In sum, we are persuaded that our limited-public-forum precedents adequately respect both CLS’s speech and expressive-association rights, and fairly balance those rights against Hastings’ interests as property owner and educational institution. We turn to the merits of the instant dispute, therefore, with the limited-public-forum decisions as our guide.
As earlier pointed out, supra, at 1, 12–13, we do not write on a blank slate; we have three times before considered clashes between public universities and student groups seeking official recognition or its attendant benefits. First, in Healy, a state college denied school affiliation to a student group that wished to form a local chapter of Students for a Democratic Society (SDS). 408 U. S., at 170. Characterizing SDS’s mission as violent and disruptive, and finding the organization’s philosophy repugnant, the college completely banned the SDS chapter from campus; in its effort to sever all channels of communication between students and the group, university officials went so far as to disband a meeting of SDS members in a campus coffee shop. Id., at 174–176. The college, we noted, could require “that a group seeking official recognition affirm in advance its willingness to adhere to reasonable campus law,” including “reasonable standards respecting conduct.” Id., at 193. But a public educational institution exceeds constitutional bounds, we held, when it “restrict[s] speech or association simply because it finds the views expressed by [a] group to be abhorrent.” Id., at 187–188.[Footnote 15]

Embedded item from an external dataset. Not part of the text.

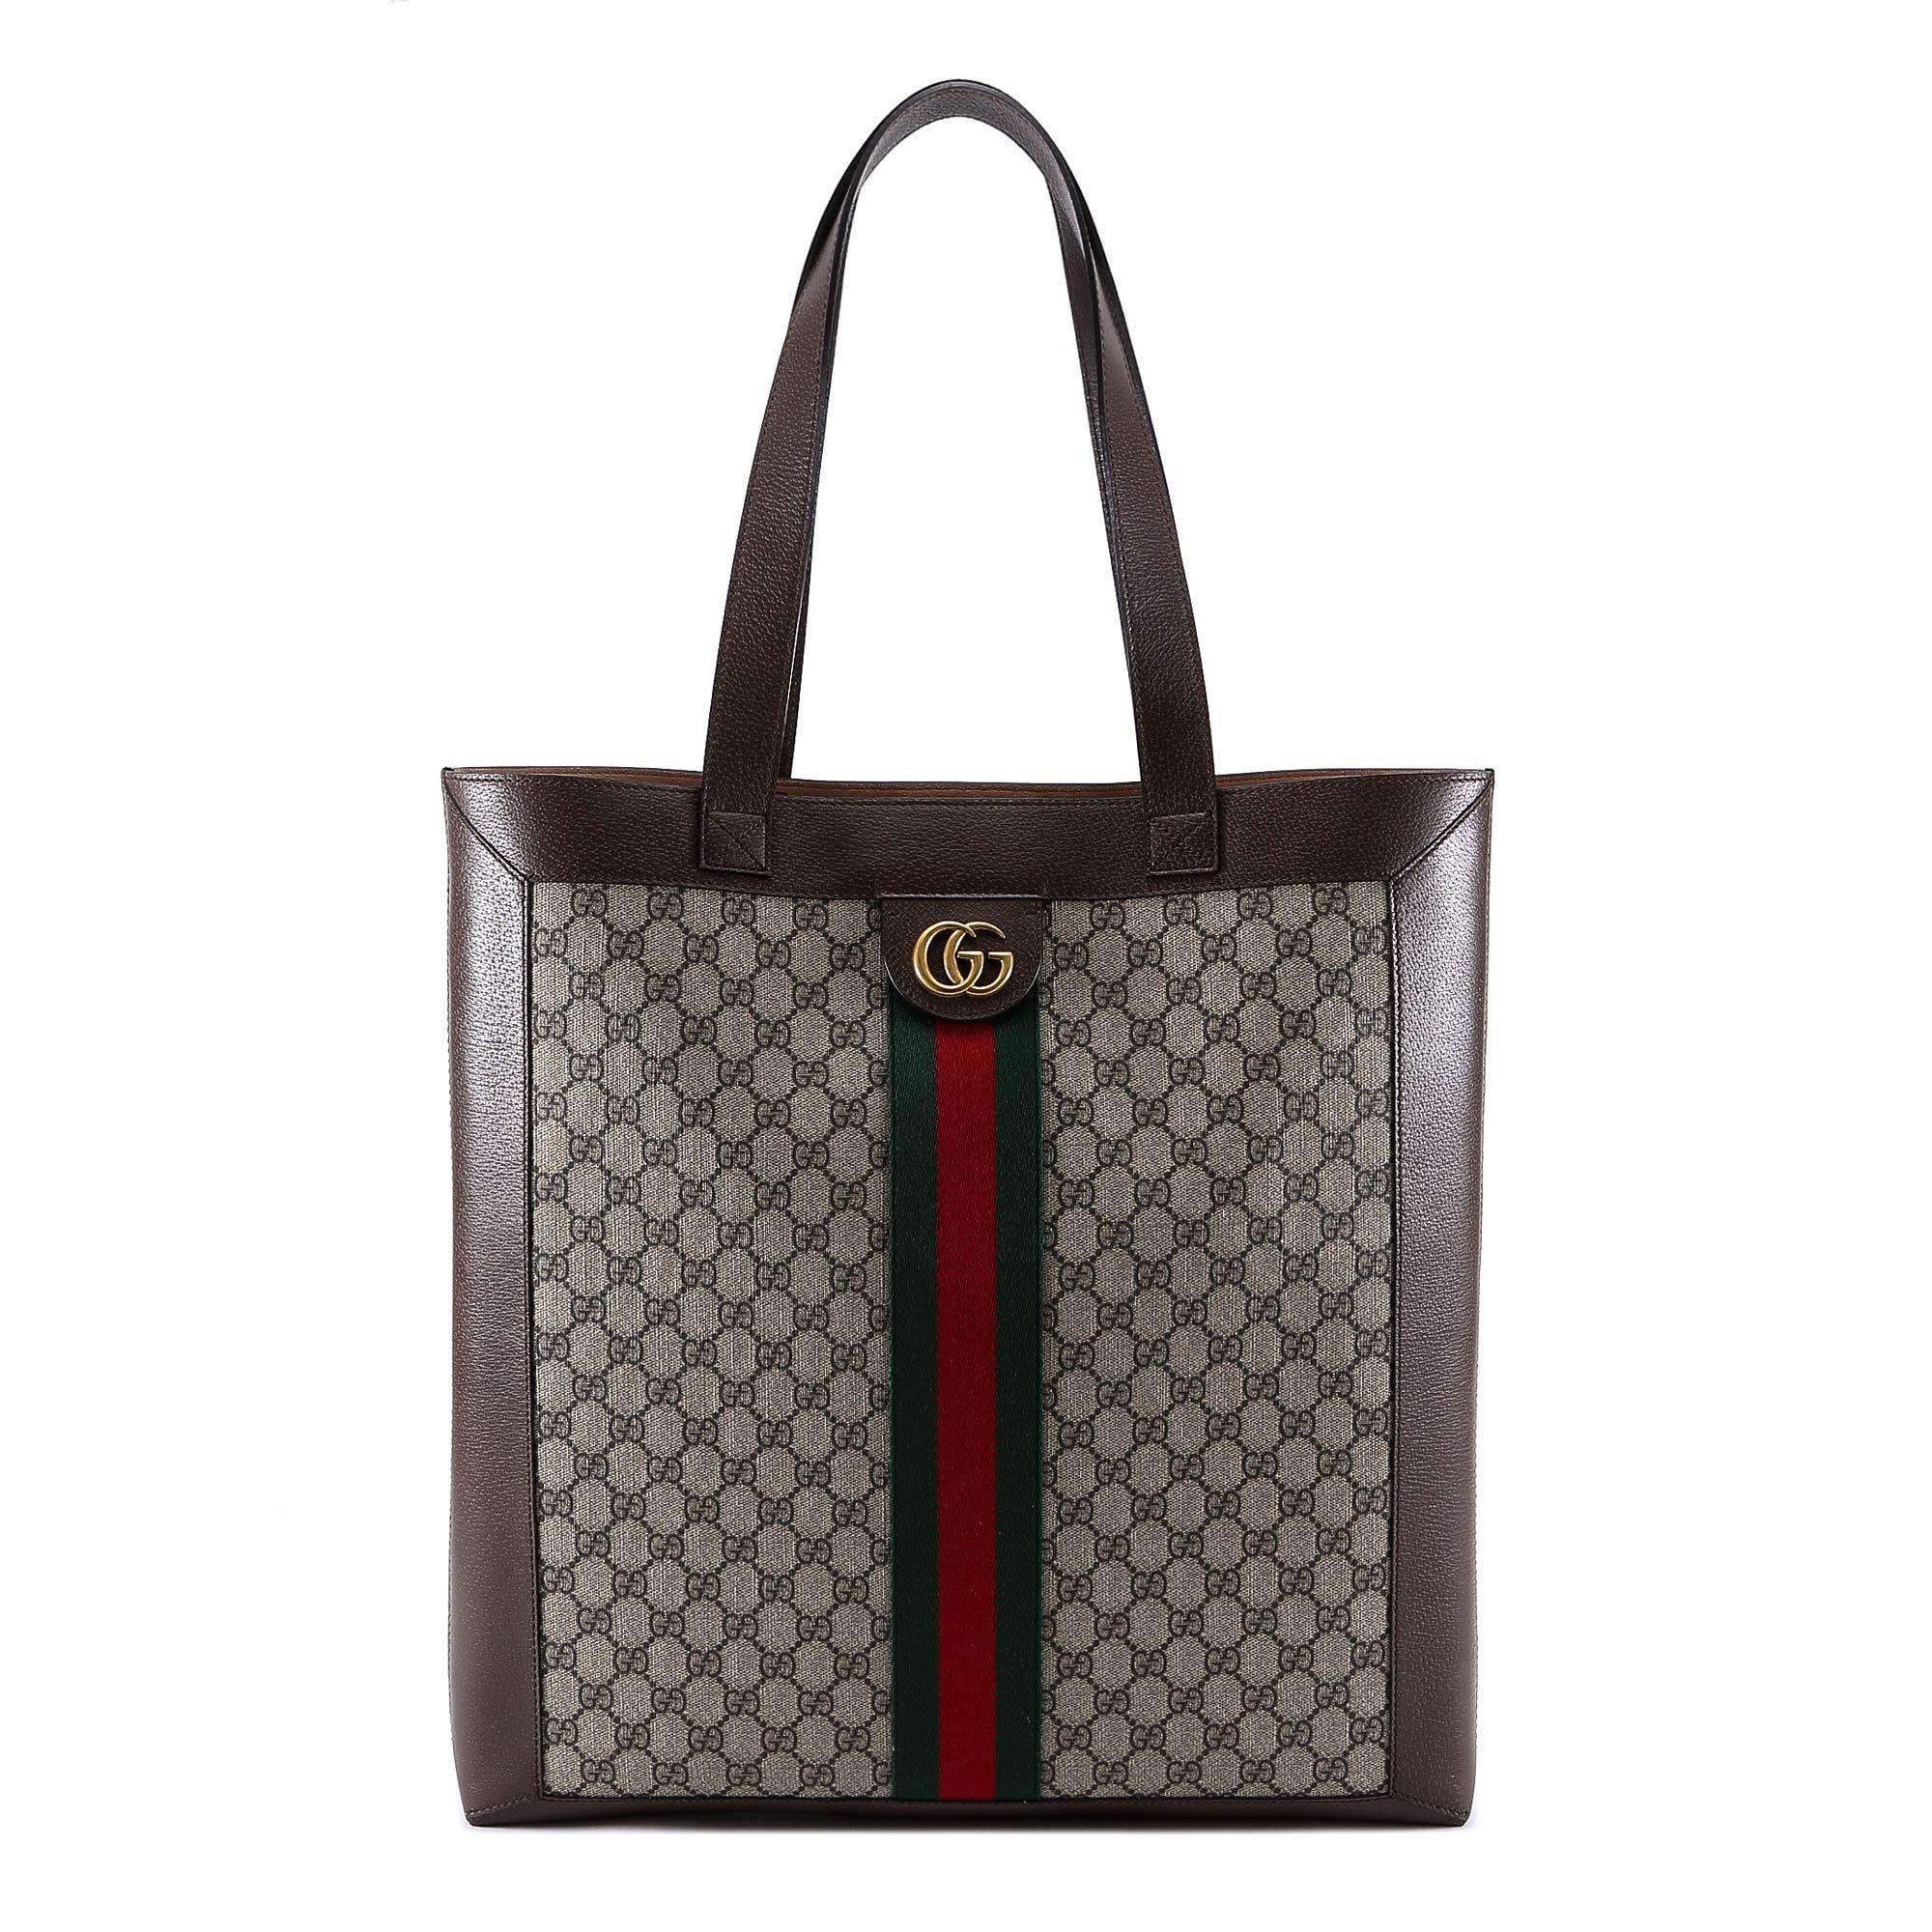 3593a5d20d5 Lyst - Gucci GG Supreme Tote Bag in Natural

We later relied on Healy in Widmar. In that case, a public university, in an effort to avoid state support for religion, had closed its facilities to a registered student group that sought to use university space for religious worship and discussion. 454 U. S., at 264–265. “A university’s mission is education,” we observed, “and decisions of this Court have never denied a university’s authority to impose reasonable regulations compatible with that mission upon the use of its campus and facilities.” Id., at 268, n. 5. But because the university singled out religious organizations for disadvantageous treatment, we subjected the university’s regulation to strict scrutiny. Id., at 269–270. The school’s interest “in maintaining strict separation of church and State,” we held, was not “sufficiently compelling to justify … [viewpoint] discrimination against … religious speech.” Id., at 270, 276 (internal quotation marks omitted).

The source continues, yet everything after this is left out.